Numa época onde o racional era inúmeras vezes mais valorizado e estudado do que o espiritual uma obra como a sua seria apagada e ouso dizer, má interpretada. Saiba que, na década de 1980, seu trabalho chegou aos olhos da Antroposofia, fundada por Rudolf Steiner, o único ser humano a ver seu trabalho enquanto você estava viva. E mesmo com toda essa bagagem da Ciência Espiritual esse grupo de pessoas não foi capaz de se aproximar da sua obra com o devido cuidado e atenção.

O que quero dizer é que a resposta para a pergunta é a mais óbvia possível; o mundo não estava pronto para receber o seu presente. A sociedade não tinha estofo para absorver o que está na sua obra. Como uma criança que escuta, fala e sabe reproduzir todas as palavras, mas ainda não as compreende a ponto de organiza-las em um pensamento a sociedade ainda não era capaz de compreender o quanto a espiritualidade está presente na Arte e a Arte na Espiritualidade. Não era capaz de apreciar e receber a Dádiva que é a sua história e a sua pintura. A humanidade não era capaz de sentir.

Por que foi isso que me aconteceu quando vi sua obra pela primeira vez, e pela segunda, terceira e todas as outras quinze vezes em que fui visitar a sua exposição; eu senti a Arte.
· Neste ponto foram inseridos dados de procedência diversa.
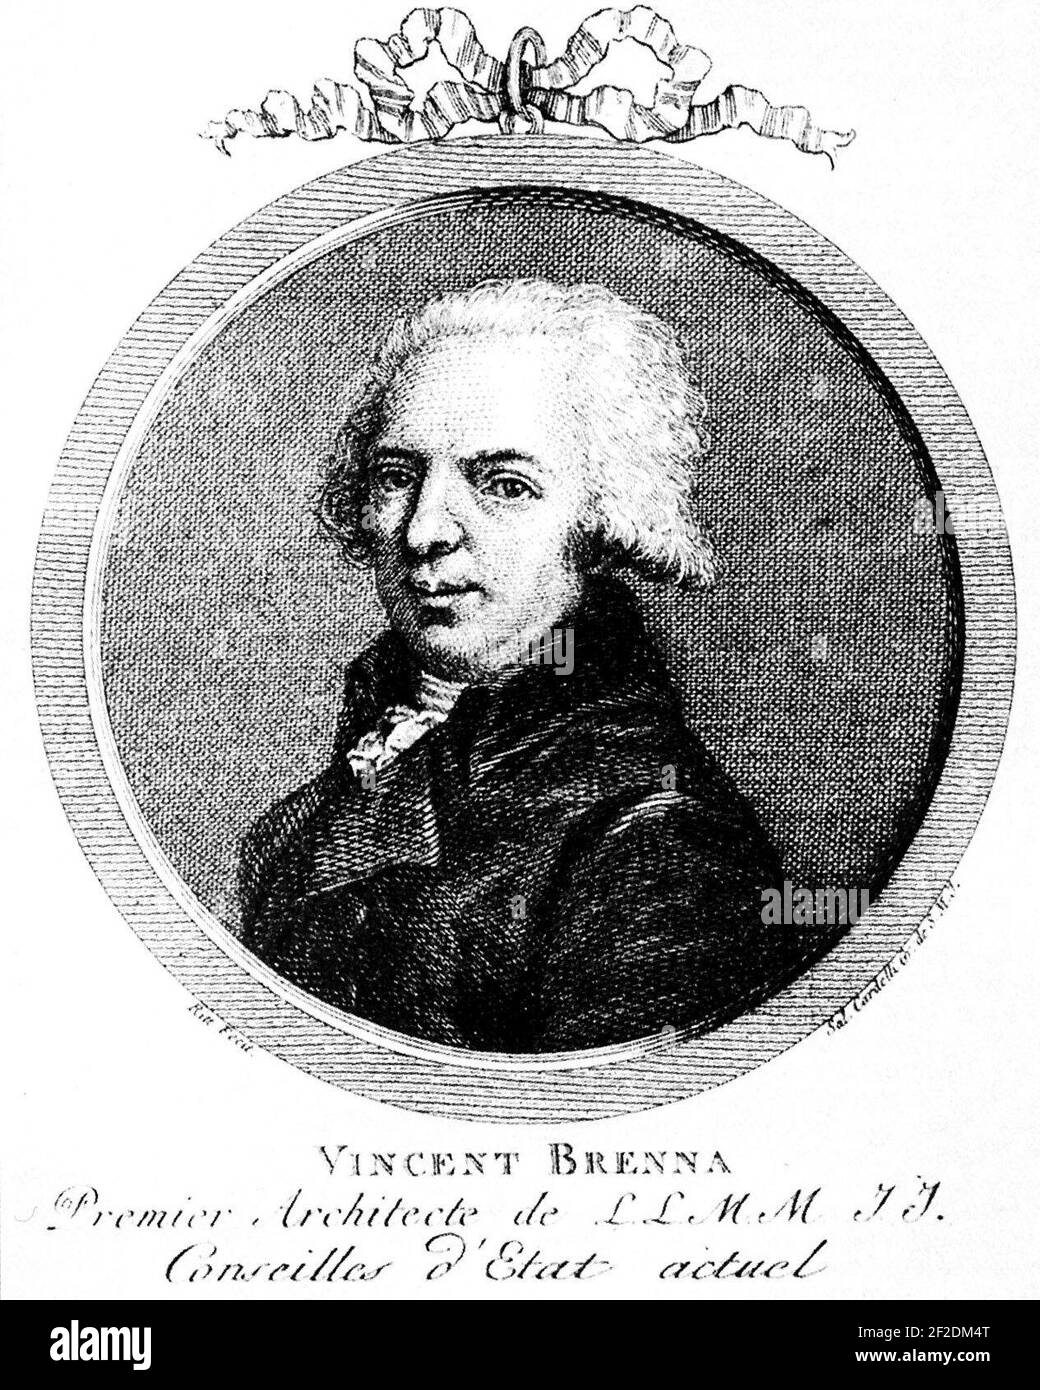 Portrait of Vincenzo Brenna (Cardelli, Ritt). Stock Photo

Eu senti a Arte de uma nova maneira. Eu percebi e apreciei Arte não com a minha cabeça, mas com os olhos, com a minha Alma e com o meu coração. E tudo fez sentido. Tudo aquilo que eu pensei durante anos, que eu cogitava falar sobre quando pensava na minha pintura, tudo aquilo que até então era indizível, me tomou e me abraçou.

Cisne, No 17, grupo IX, têmpera s/ papel, 1908
Cisne, No 17, grupo IX, têmpera s/ papel, 1908

Por isso tudo minha querida amiga, por nos apresentar As Dez maiores, as pinturas para o Templo, o Caos Primordial, pela série Átomo, a série sobre as grandes religiões do mundo, por iluminar e trilhar o caminho que incontáveis artistas irão percorrer integrando a Arte e o mundo Espiritual, por tudo isso querida Hilma, eu agradeço humildemente a você uma vez mais. Sabendo que não será a última vez. Muito Obrigado Hilma. Que a sua luz nos ajude a percorrer o nosso caminho. Salve tú.

Por que um pintor pinta? Por que um musico compõe? No meu caso, eu pinto porque sinto. Sinto coisas em mim e tenho a necessidade de coloca-las para fora, no mundo, para lidar com elas.

Por que hoje no ano de 2021 Hilma af Klint é percebida de uma maneira que não foi na década de 1980, na primeira vez que a sua obra surgiu para o mundo?

O que a sociedade carrega hoje em dia que da sentido para o trabalho desta mulher?

E aproxima o público da sua obra?

Hilma af Klint foi uma mulher sueca nascida em 1880, teve uma vida inteira dedicada a arte e a cuidar de sua mãe. Mas, ao contrario da esmagadora maioria dos artistas Hilma não produzia arte com o intuito de ter “sucesso” comercial principalmente. O que é sucesso?

Sucesso para ela era realizar suas encomendas. encomendas essas que vieram de um plano superior, de mestres superiores, de além do mundo material.

A Pomba, grupo IX, UV, têmpera e folha de ouro e prata s/ papel, 1915
A Pomba, grupo IX, UV, têmpera e folha de ouro e prata s/ papel, 1915

“Houve um tempo em que sacerdotes e magos desenhavam imagens e símbolos que acessavam, eles eram os tradutores de mensagens, àqueles que não tinham as mesmas capacidades. Estes mesmos xamãs, hierofantes ou mahatmas, dependendo de como seu povo os nomeava, eram os curandeiros, os alquimistas, que sabiam usar os elementos da terra em comunhão com os sinais das estrelas, do sol e da lua. Transmissores de toda sabedoria, representavam a memória da humanidade.”

Trecho retirado do livro As Cores da Alma, A vida de Hilma af Klint, escrito por Luciana Pinheiro.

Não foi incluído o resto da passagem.